You can find an example here: https://github.com/arlyon/infra-code (pre split). Note that this has expired cloudflare keys populated in some of the configs, but I don't think it'll cause problems.
I'm experiencing a similar issue, but with Bitnami's nginx, as follows:
# Using helm provider ~> 1.1.1
data "helm_repository" "bitnami" {
name = "bitnami"
url = "https://charts.bitnami.com/bitnami"
}
resource "helm_release" "nginx" {
name = "my-nginx"
repository = data.helm_repository.bitnami.metadata[0].name
chart = "nginx"
version = "5.2.3"
namespace = "default"
timeout = 50
}
It keeps printing lines such as: helm_release.nginx: Still creating... [50s elapsed] until hitting the timeout.
Once it hits the timeout, is when the deployment entry appears on helm:
$ helm ls --namespace my-namespace
NAME NAMESPACE REVISION UPDATED STATUS CHART APP VERSION
my-nginx default 1 2020-04-22 16:16:25.7100555 +0100 BST failed nginx-5.2.3 1.17.10
marked as failed.
However, the pods are up, ready and running, and the services have been created and work.
I'm sharing it here because I believe it may be related (seems to relate with the perception of pod readiness) and it's also a relatively quick scenario to spin up/down as necessary.
Also, a workaround for this use case is to add wait = false to the helm_release.
We're going to work on this with low priority as we collect more data since the issue is hard to reproduce on demand.
I have a similar problem on GKE
My helm_release has a high timeout of 3000, and sometimes its fails with message:
Kubernetes Cluster Unreachable
BUT most of the times that helm_release would be deployed in the backend.
I've had the issue with kubedb, both on AKS as on a bare-metal cluster.
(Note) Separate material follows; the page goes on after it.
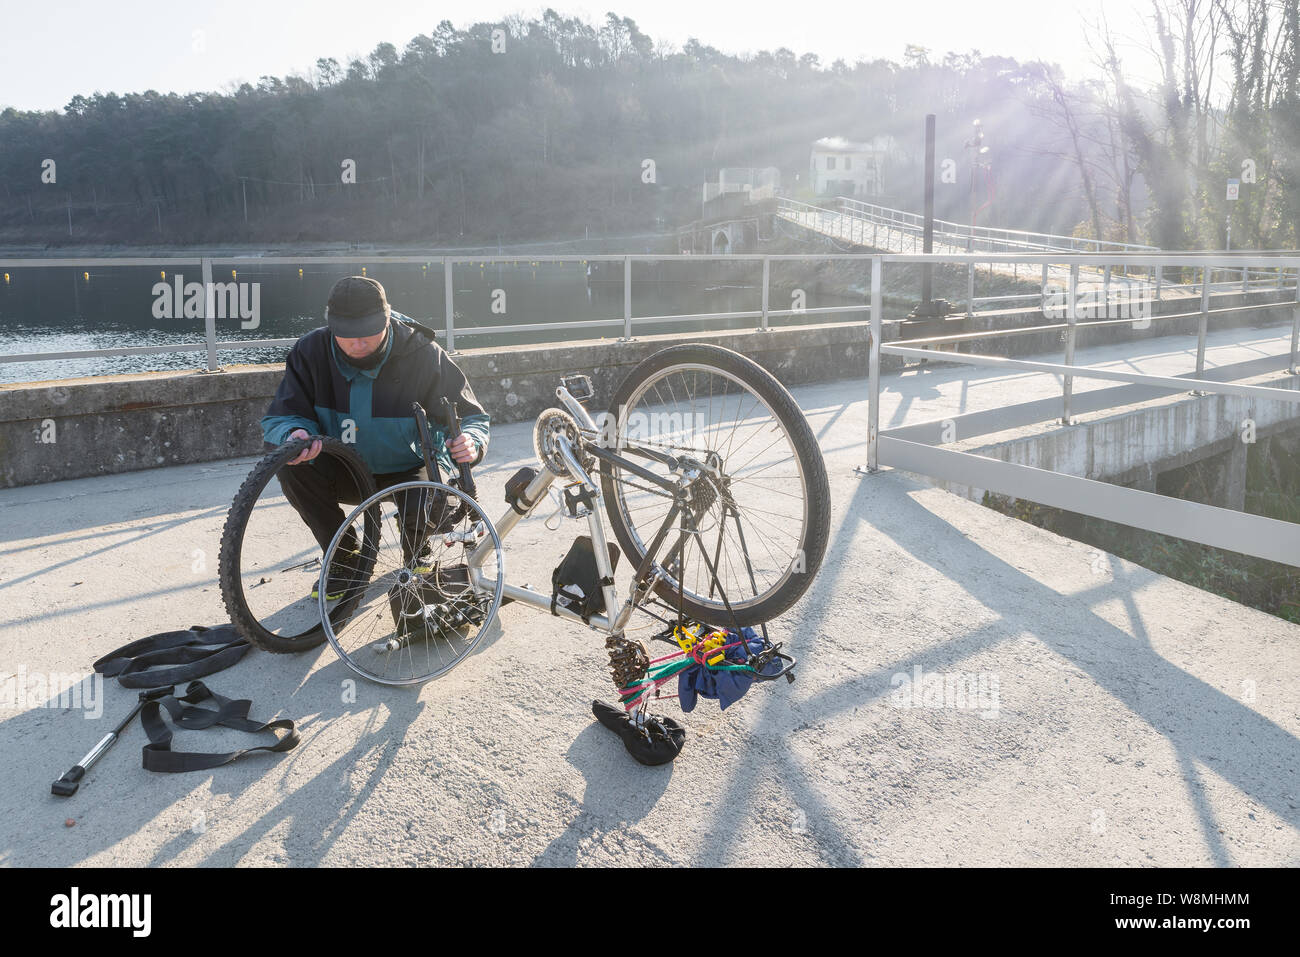 Cycliste homme répare un vélo avec des pneus à plat lors d'un voyage. Concept de dépenses imprévues et mauvaise chance Banque D'Images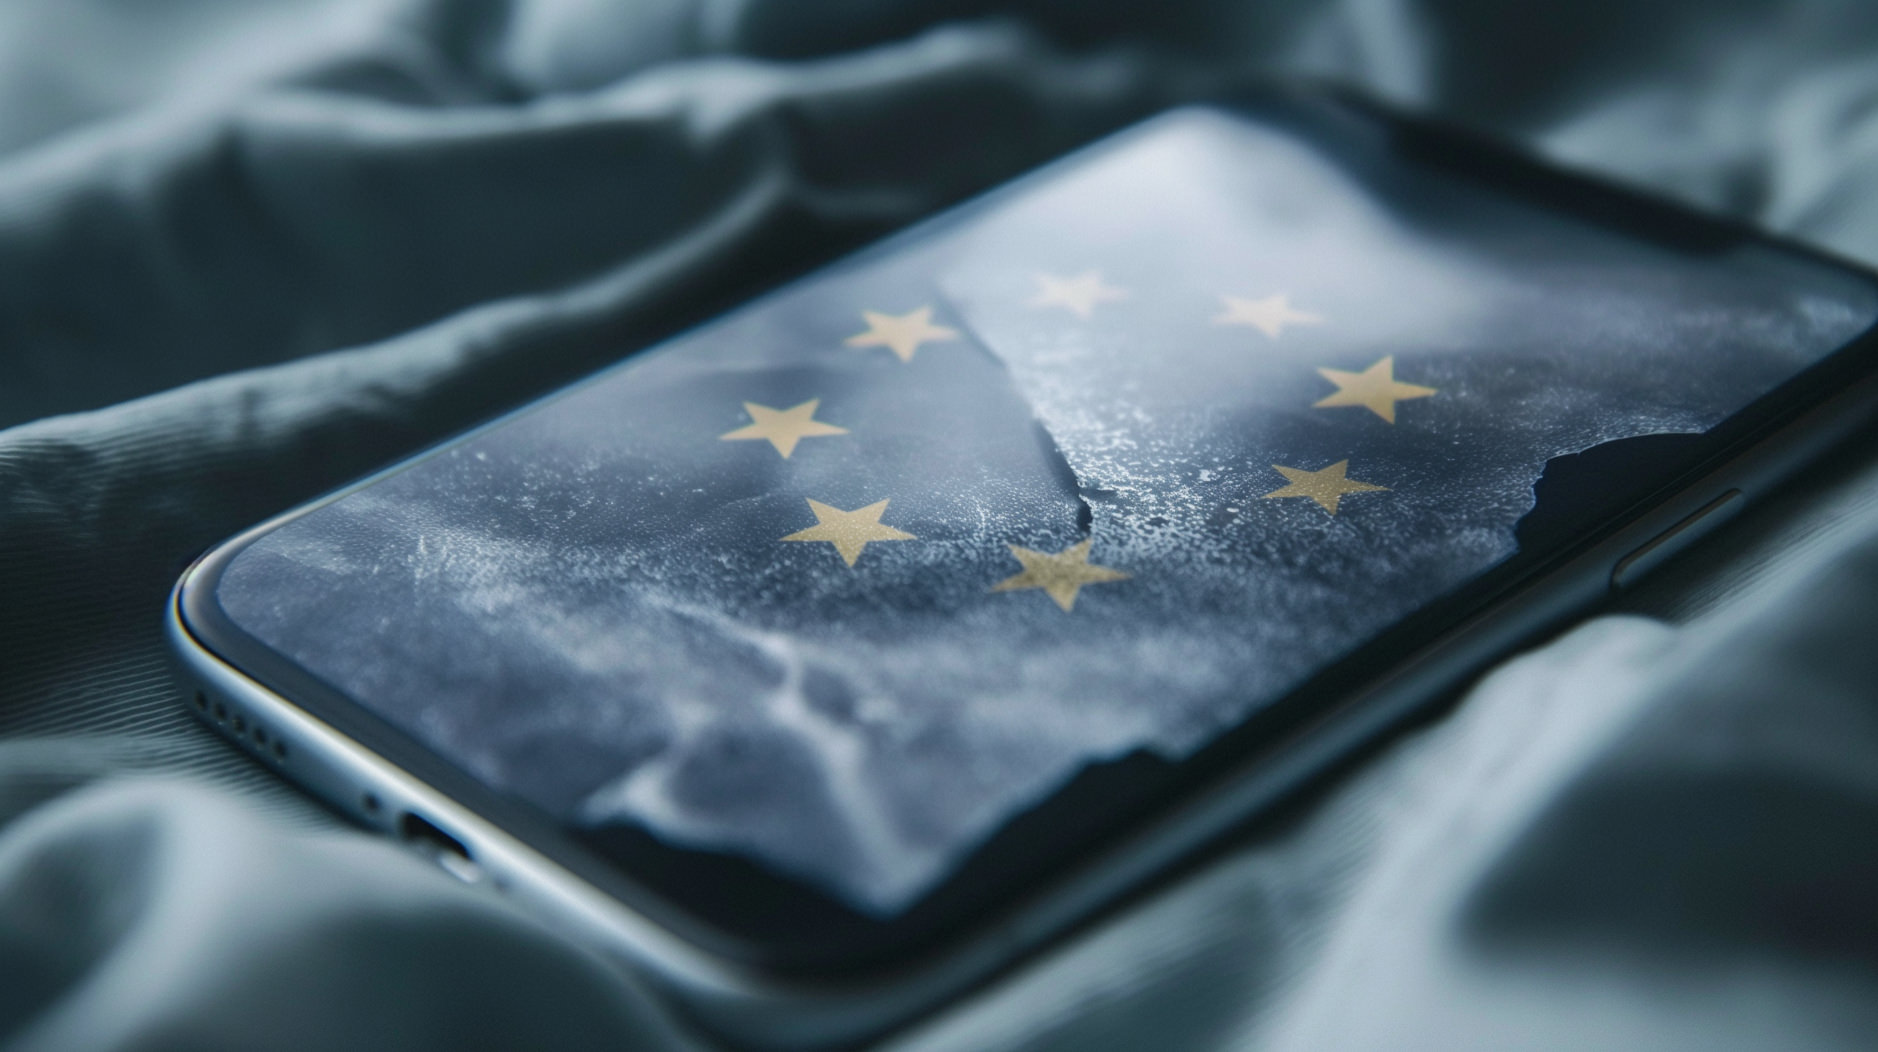 Das Bild zeigt ein iPhone, das auf einer welligen, texturierten Oberfläche liegt. Auf dem Bildschirm des Telefons ist eine grafische Darstellung der Flagge der Europäischen Union zu sehen, die aus einem Kreis von zwölf goldenen Sternen auf dunklem Hintergrund besteht.

They have this as an open issue: https://github.com/kubedb/project/issues/504
I'm also experiencing this, deploying the Gloo helm chart via terraform. In my case, I have a tf-modules repo that I import.. Gloo deploys just fine, but terraform keeps waiting for it to finish and eventually times out, though the deployment ended minutes ago...
I ran into this issue and I solved this by deleting jobs that can't be "recreated" like Kubernetes Jobs which were created as part of a helm deployment. Then the Terraform Helm module worked as expected for my use case.
Most helpful comment
Experiencing this with the prometheus operator (as does this issue potentially https://github.com/helm/charts/issues/21913).
Same symptoms as above. Everything in kubectl is running, helm chart stuck on 'pending-install'. As soon as terraform times out, helm chart goes to 'failed'. Installing with helm manually works no problem.